Schon als Kind begann Heimo Luxbacher zu zeichnen, Motive in Bildstrukturen zu übertragen und unterschiedliche Materialien zu bearbeiten. Doch nicht vielen Menschen ist es gegönnt, den beruflichen Kindheitstraum zu verwirklichen. Luxbacher ist einer derjenigen, denen das gelungen ist. Nach einer kunsthandwerklichen Ausbildung unternahm er im Alter von 22 Jahren intensive Studien, um sich den außergewöhnlichen Ebenen der Kunst zu nähern.  Durch Anregungen und Beobachtungen auf seinen Reisen entstanden innovative Bilder und skulpturale Objekte.

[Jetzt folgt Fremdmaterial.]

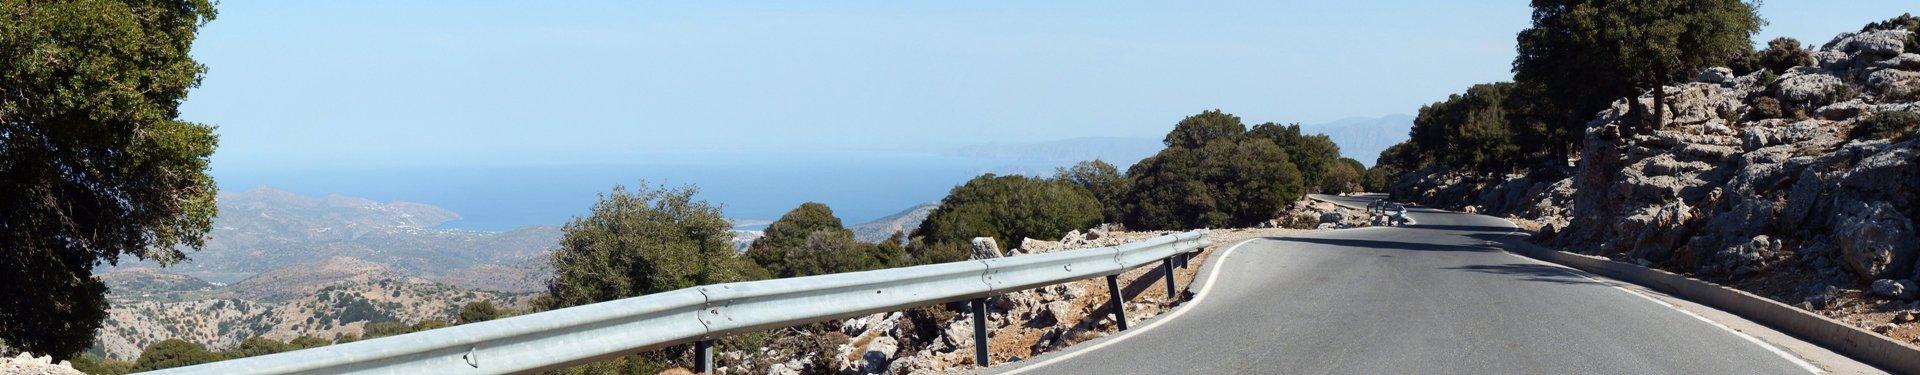 Biking The Crete Mountains

Bekannt ist Luxbacher als »Der Mönch«. Doch wie kam der Künstler zu diesem Namen? »Ich habe immer an religiösen Orten mit Jugendlichen gearbeitet und wollte ihnen Kunst näher bringen. Und diese nannten mich irgendwann scherzhaft Mönch. So richtig durchgesetzt hat sich der Name aber erst nach der Protestaktion vor der Kirche in Völkermarkt«, erzählt Luxbacher.  

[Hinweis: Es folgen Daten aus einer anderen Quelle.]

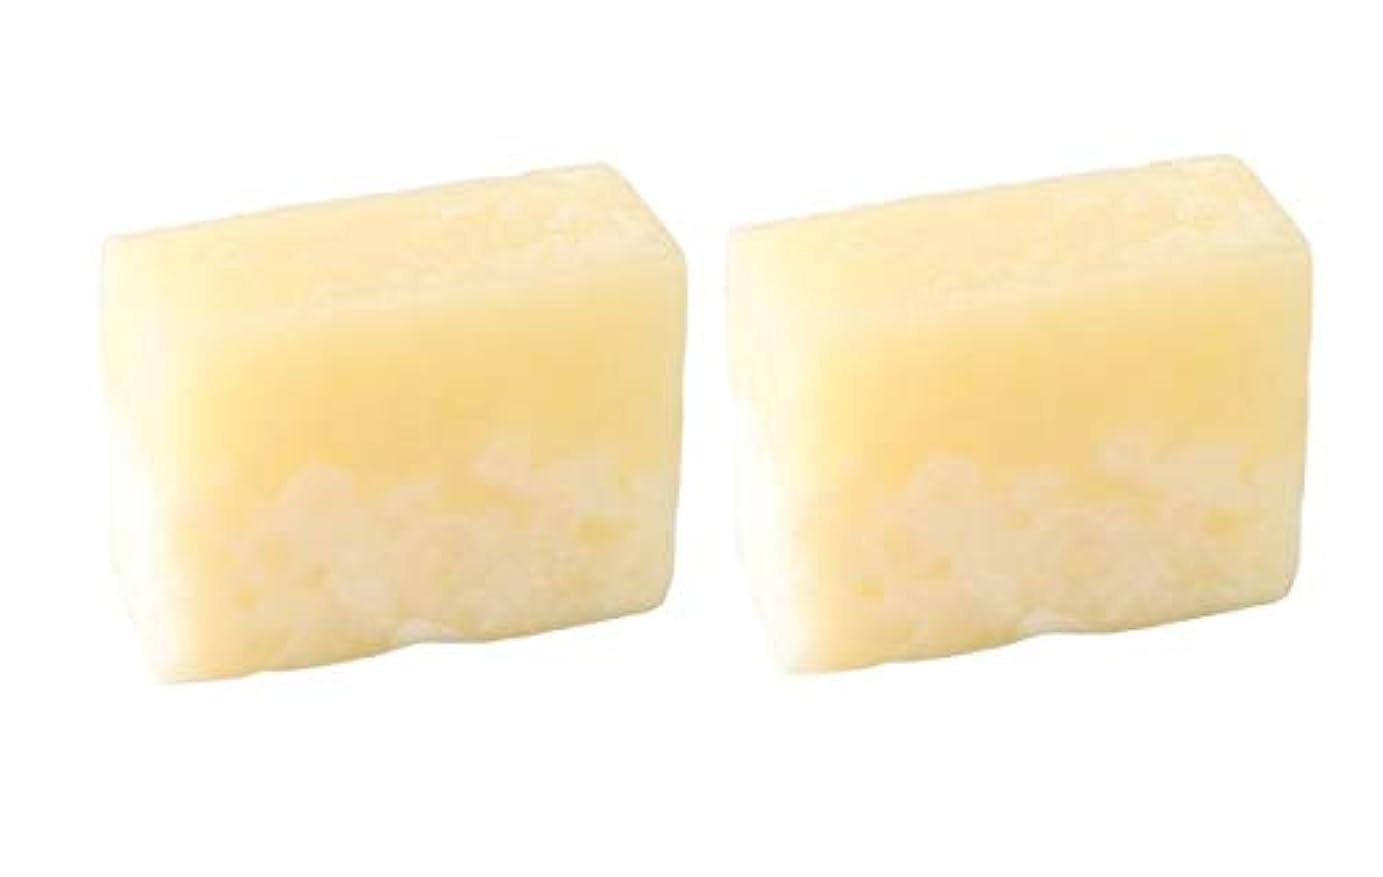 後ろにコンパクト頂点LUSH ラッシュ ボヘミアン(100g)×2個セット レモンの爽やかな香りソープ

Dabei trat Luxbacher als »Aktionskünstler« in Erscheinung und inszenierte 2001 in Völkermarkt den »Altar der Sünde«: Eine nackte Frau, die von Männern in Bettelordenskutten kniend angebetet wird und gleichzeitig mit Kreuzen in der Hand »ausgetrieben« werden soll. 

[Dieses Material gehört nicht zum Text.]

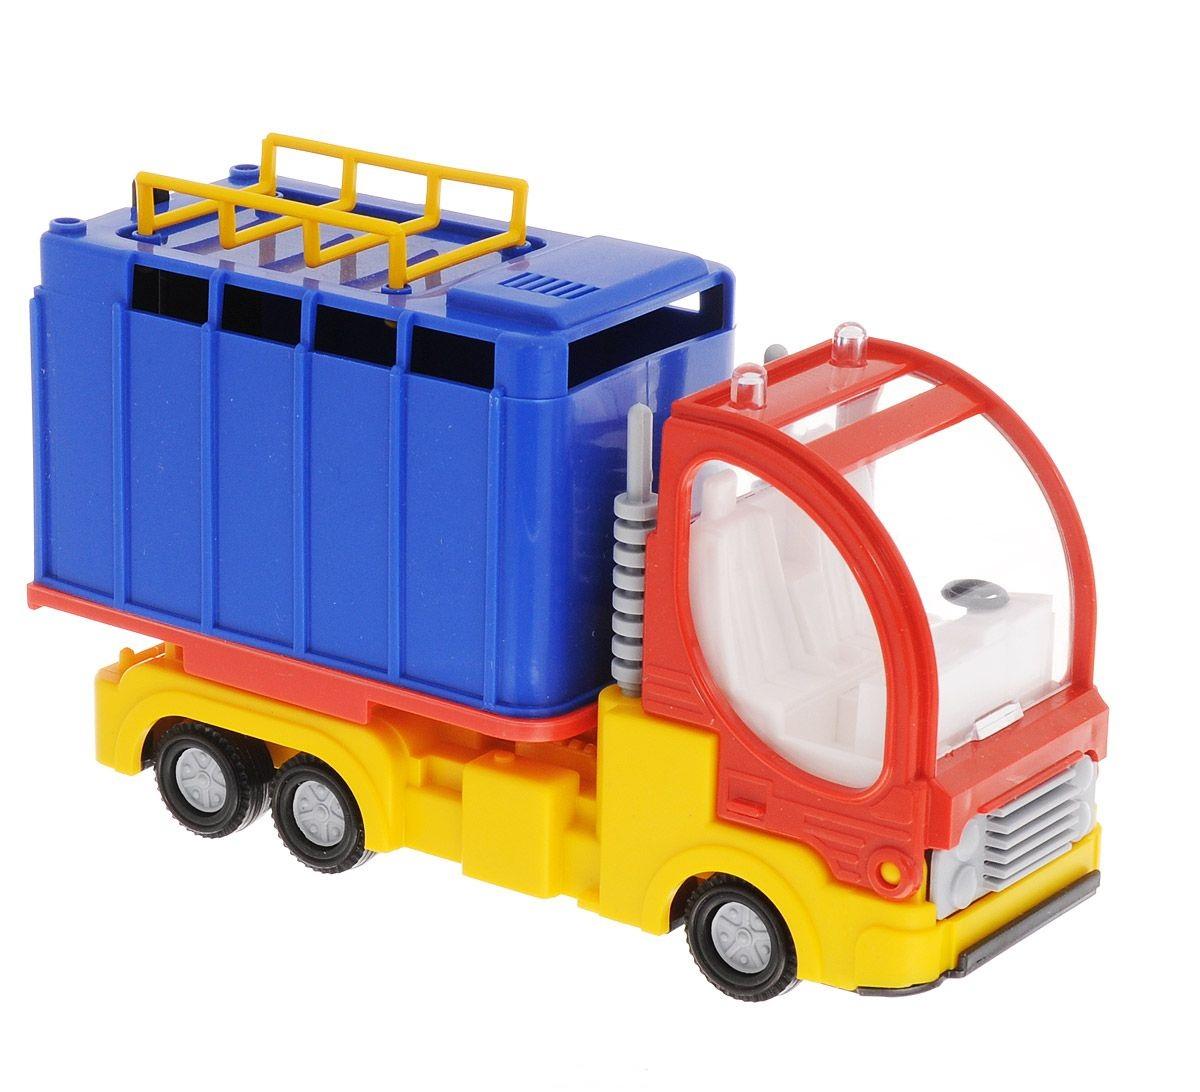 Купить Фургон малый – Дальнобойщик, 18, 5 см, ПК Форма

Es war eine Protestaktion des Künstlers, da zu einer von ihm geladenen Diskussion die Vertreter der Kirche fernblieben. Vielschichtig ist das Werk des Künstlers, der als Dozent für Kunst- und Skulpturenbau an verschiedenen Akademien unterrichtete. Er entwickelte Objekte für den öffentlichen Raum und wurde bei Ausschreibungen Kunst am Bau vielmals nominiert und führte immer wieder Projekte durch, um Jugendliche der Kunst näher zu bringen. 

Zahlreiche Ausstellungen

Luxbacher hatte aber auch zahlreiche  Ausstellungen und wurde bei Ausschreibungen »Kunst am Bau« vielmals nominiert. Hier ein kleiner Überblick: 2008 Bernried - Buchheim Museum - angewandte Kunst; 2011 Museum-Kunsthalle Szombathely (Ungarn); 2011/2013 Skulpturen-Biennale Graz; 2012 Österreichisches Kulturforum (Österreichische Botschaft in Budapest); 2012 Aktionsmalerei am Pyramidenkogel »Ein letzter Augenblick Abriss-Umriss-Exklusion«; Aktionskunst zum Thema Katholische Kirche; 2001 Thema Gewalt; 2003 Thema Politik; 2005 Objekte für den öffentlichen Raum.